**Source data**.
================================

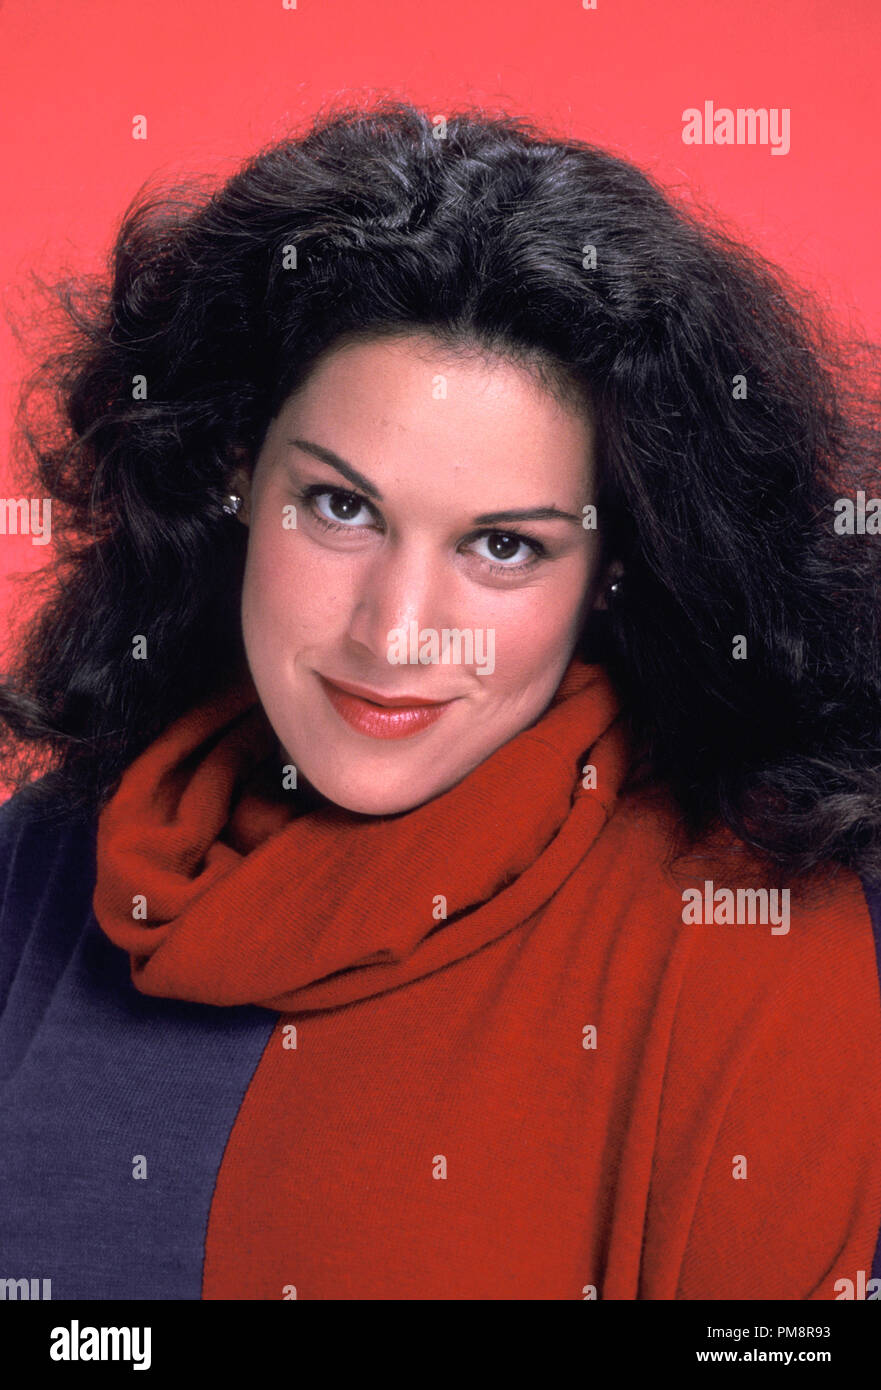 Studio Publicity Still from 'Bosom Buddies' Wendie Jo Sperber 1981   All Rights Reserved   File Reference # 31713181THA  For Editorial Use Only Stock Photo
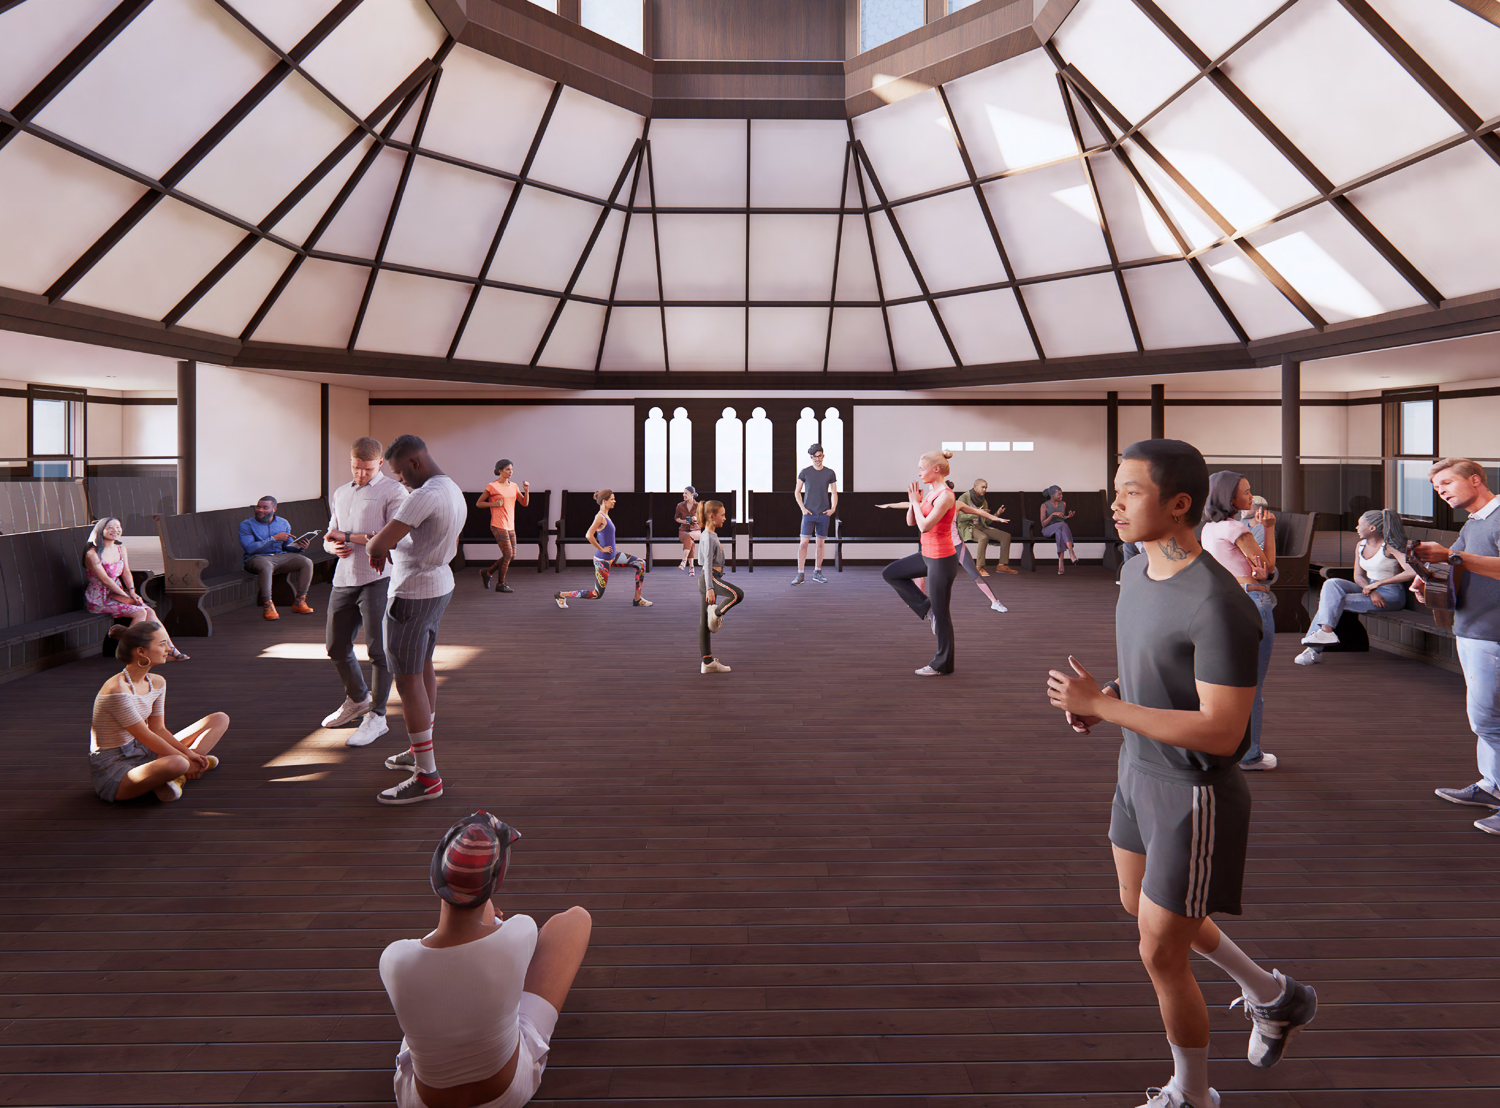 Brooklyn Arms affordable housing fitness space, rendering by AS Architecture
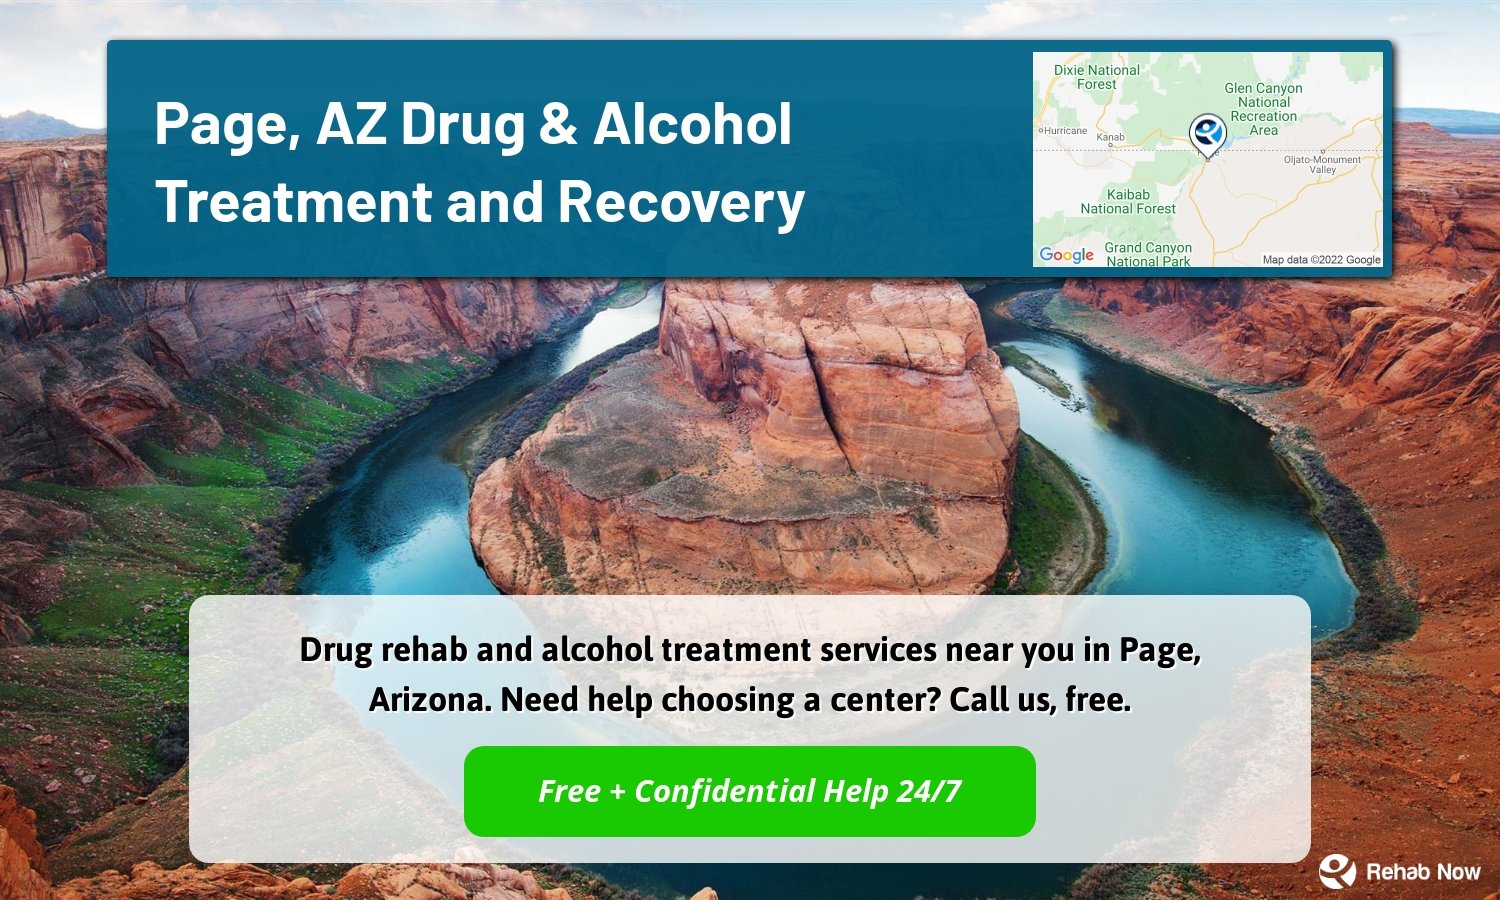 Drug rehab and alcohol treatment services near you in Page, Arizona. Need help choosing a center? Call us, free.

================================

**Work instruction**.
Print all of the material exactly. Omit pictures.

**Response for this exercise**.
 Studio Publicity Still from 'Bosom Buddies' Wendie Jo Sperber 1981   All Rights Reserved   File Reference # 31713181THA  For Editorial Use Only Stock Photo
 Brooklyn Arms affordable housing fitness space, rendering by AS Architecture
 Drug rehab and alcohol treatment services near you in Page, Arizona. Need help choosing a center? Call us, free.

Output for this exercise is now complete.